JOURNALISTS in Fiji need to rise up and decide for themselves what type of journalists they are going to be.
This was the view of permanent secretary for Information Sharon Smith-Johns in response to questions from The Fiji Times on whether she felt peace journalism was a viable option for local journalists.
The idea of peace journalism as opposed to conflict journalism was presented to Ms Smith-Johns and other attendees at the two-day Media and Democracy Conference at the University of the South Pacific.
It is defined by Lynch and McGoldrick (2005) as "when editors and reporters make choices of what stories to report and how to report them that create opportunities for society at large to consider and value non-violent responses to conflict".
Mrs Smith-Johns said while peace journalism was a viable option, it was something journalists needed to decide for themselves.
"Local journalists need to take ownership and define who they really are and what type of journalists they want to be instead of letting other people tell them who they are," she said.
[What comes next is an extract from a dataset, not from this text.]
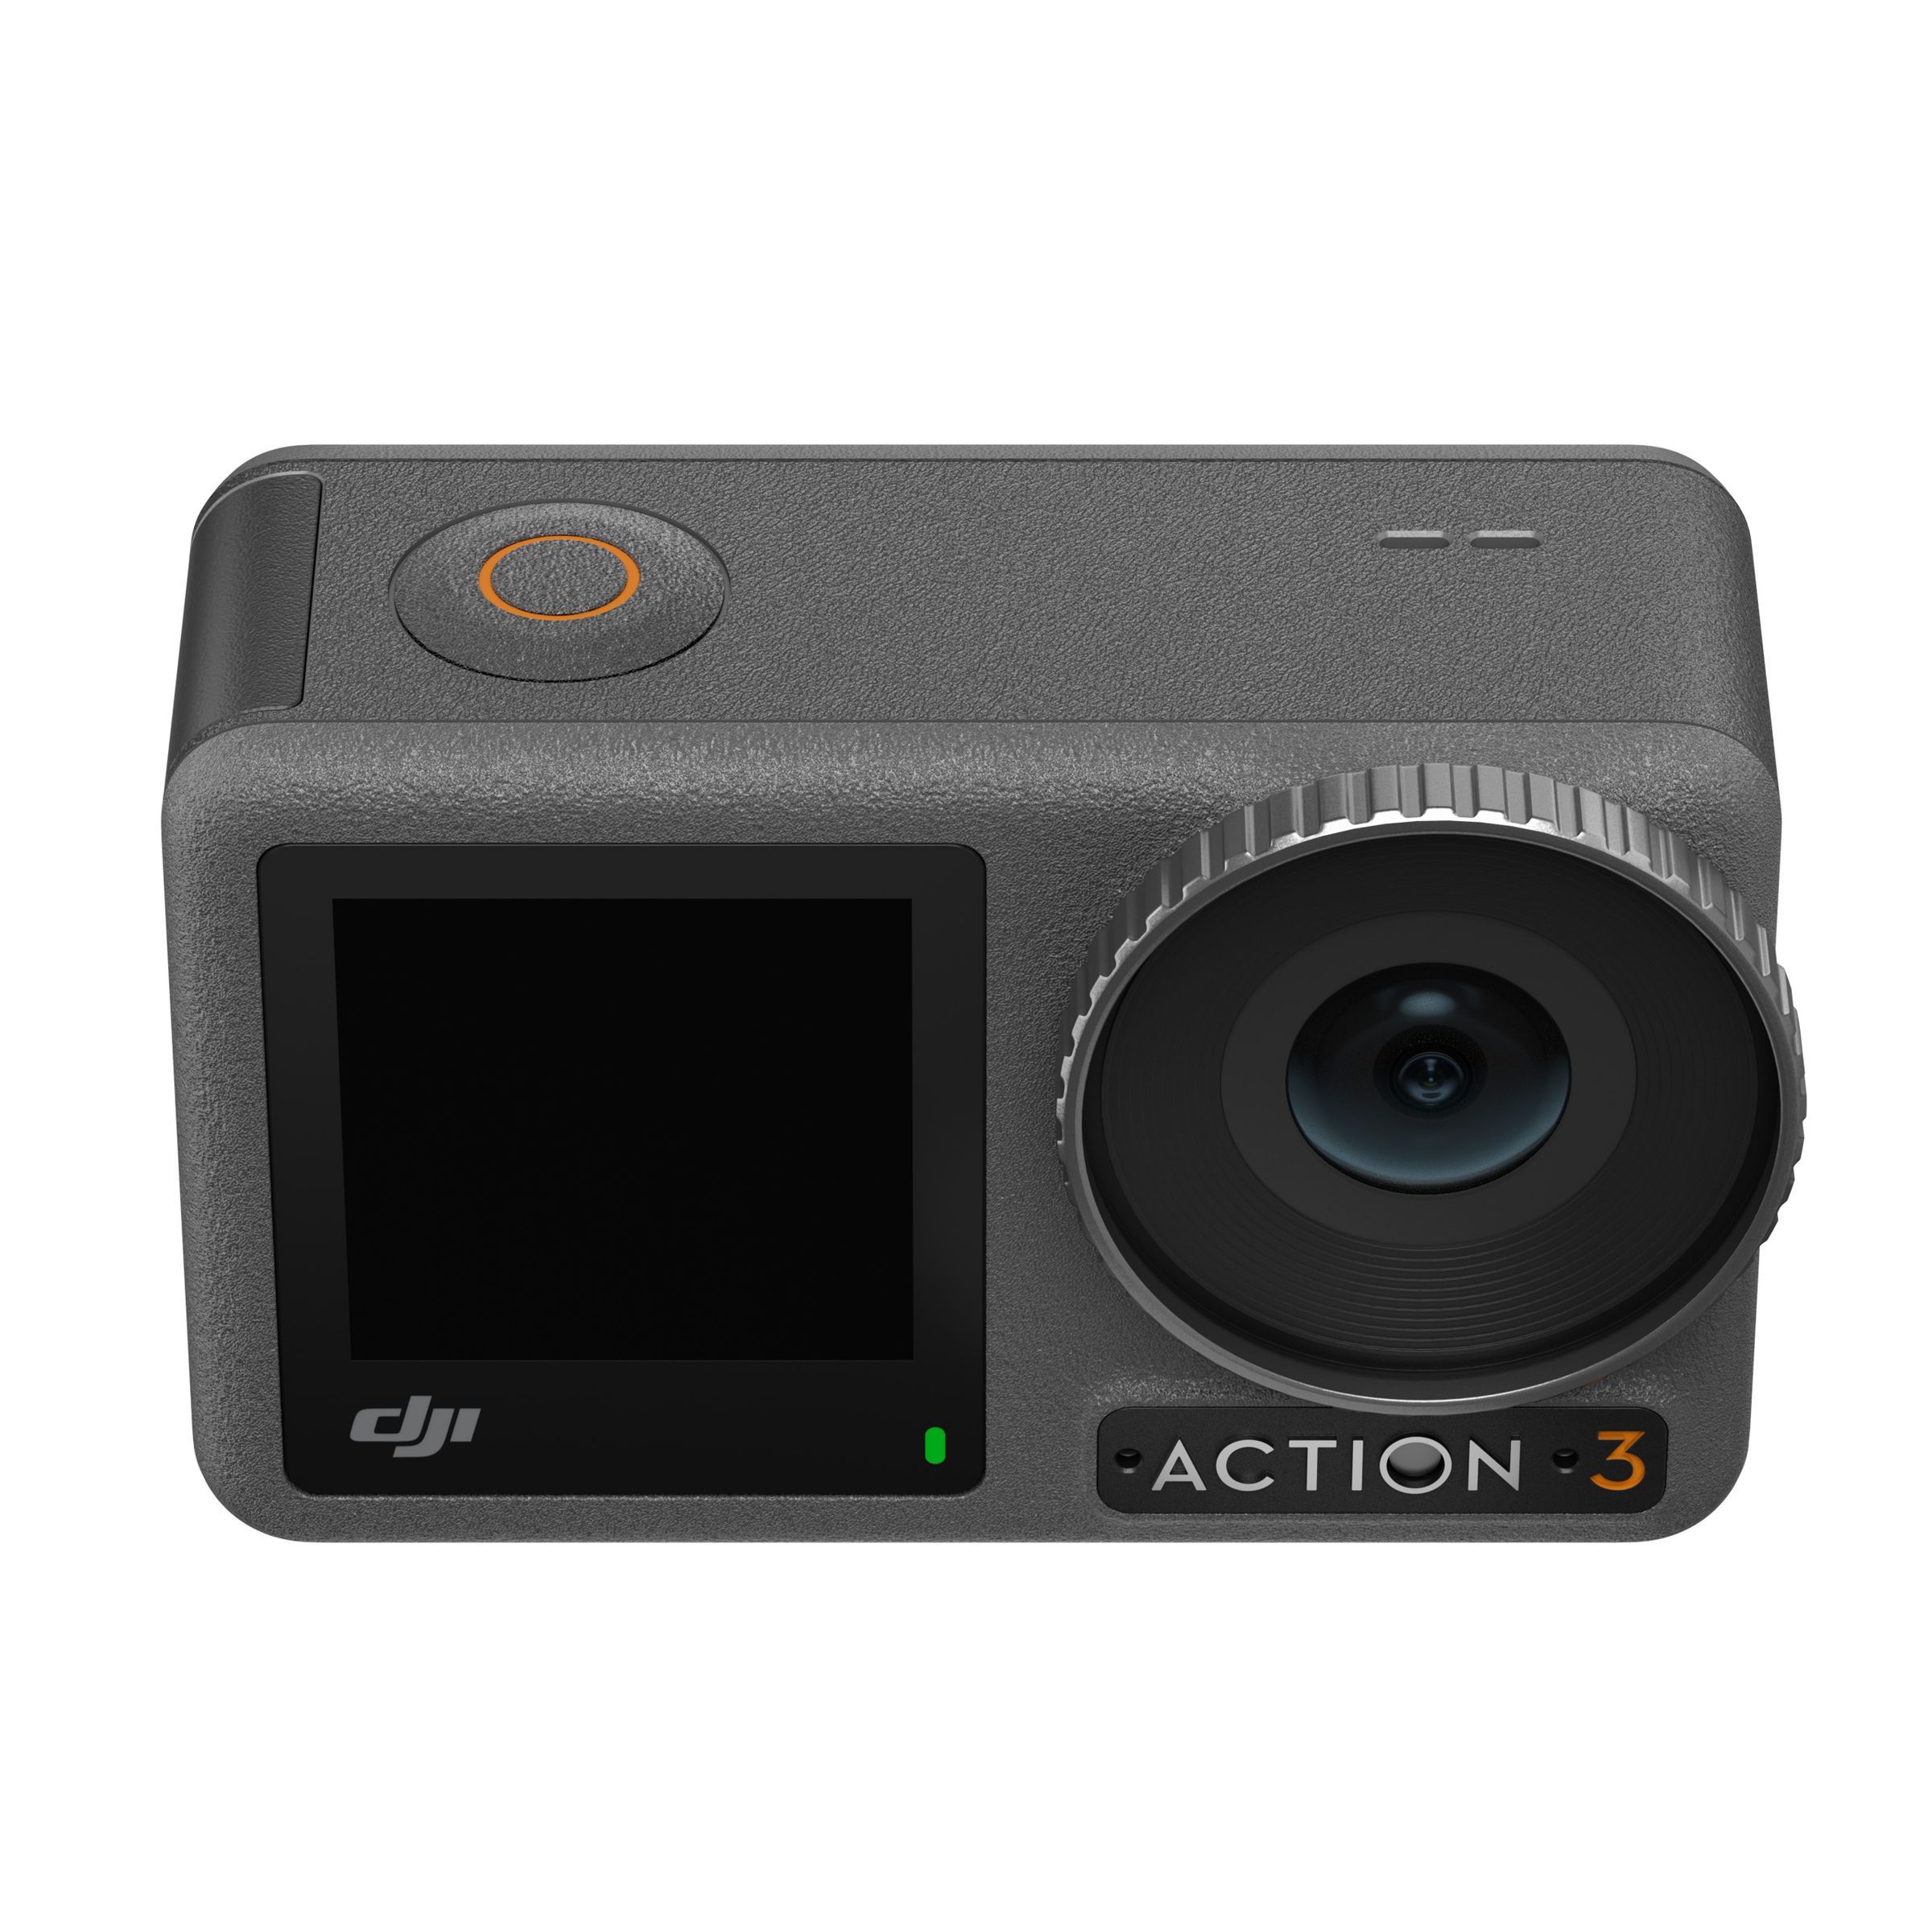 <em>Product shots of the DJI Osmo Action 3 show a similar design to the original DJI Osmo action camera.</em>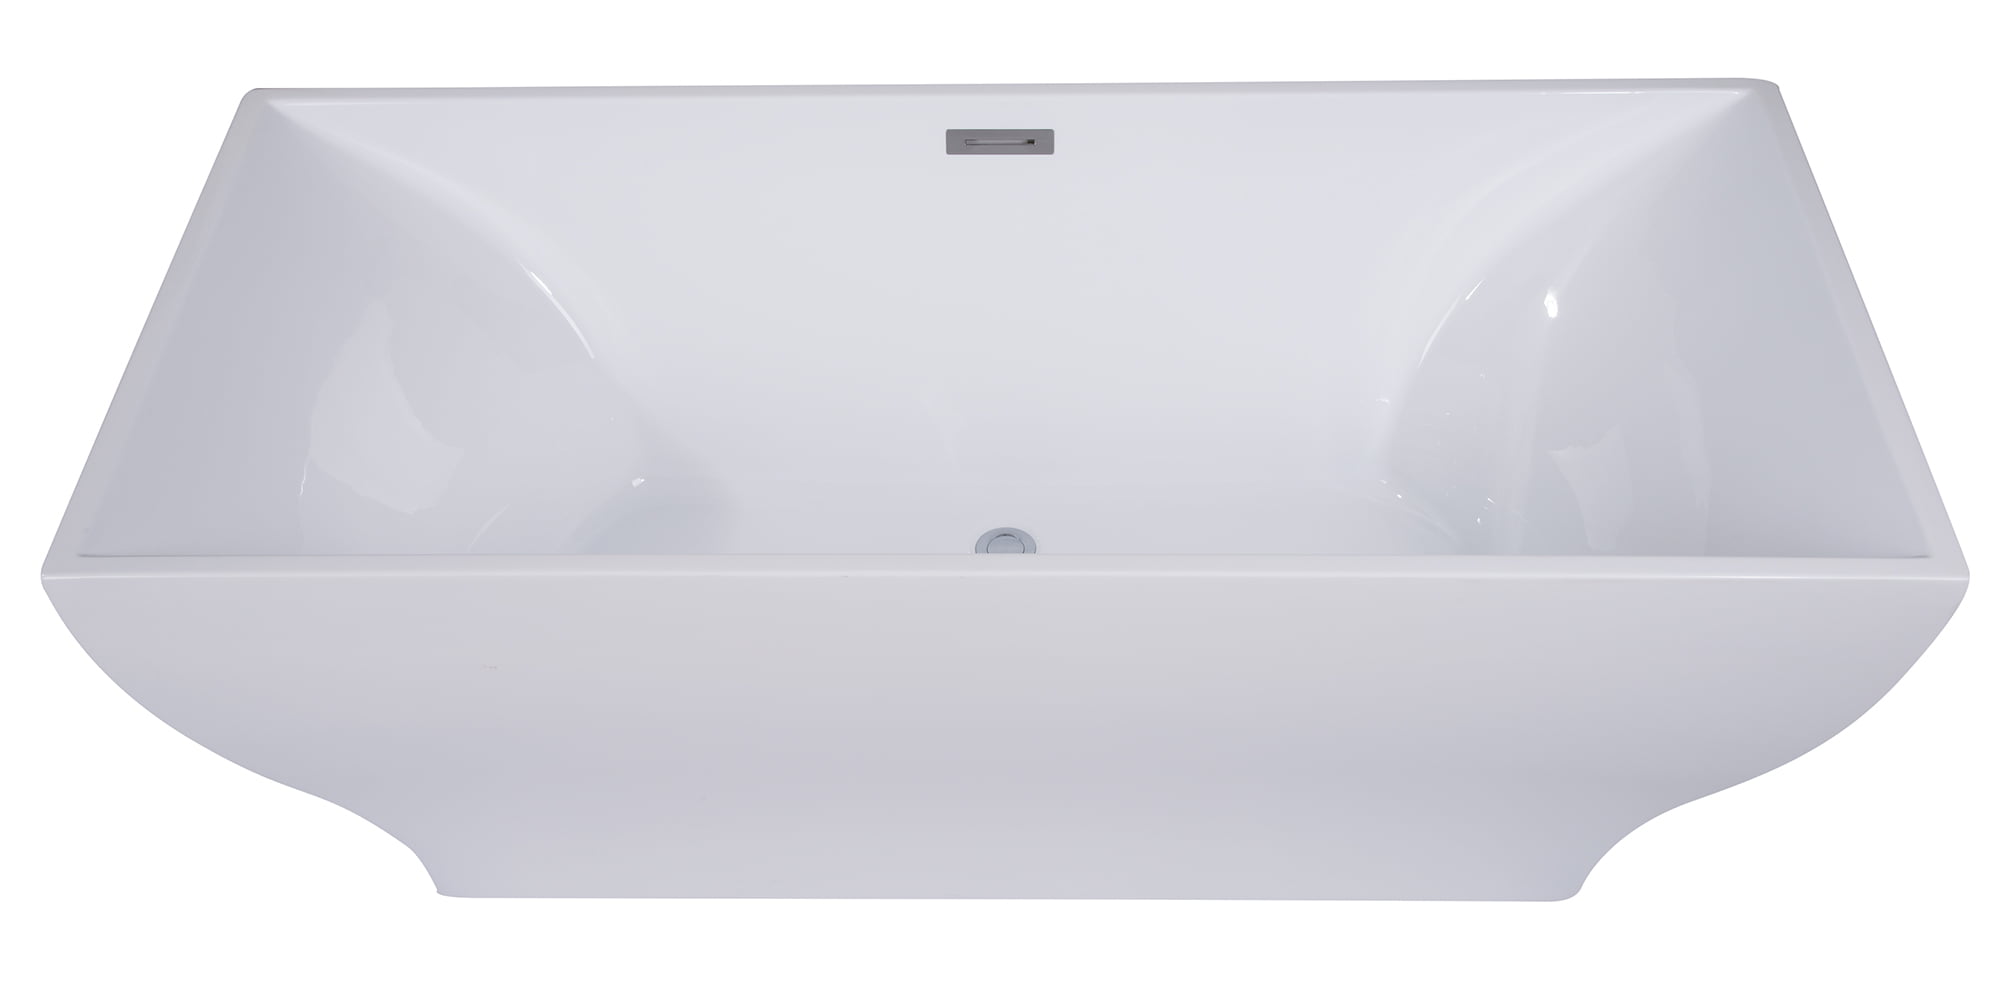 Ab8840 67 In. Universal Matte White Rectangular Acrylic Free Standing Soaking Bathtub

"It should really be up to journalists to make that decision on what types of journalists they are going to be," she added.
Director of the Pacific Media Centre at the Auckland University of Technology Prof David Robie said his affinity with peace journalism stemmed from his experiences as a journalist.
"As an educator, it is my role to look into the varieties and of journalism and my sympathies of peace journalism come from my experience in reporting conflict," he said.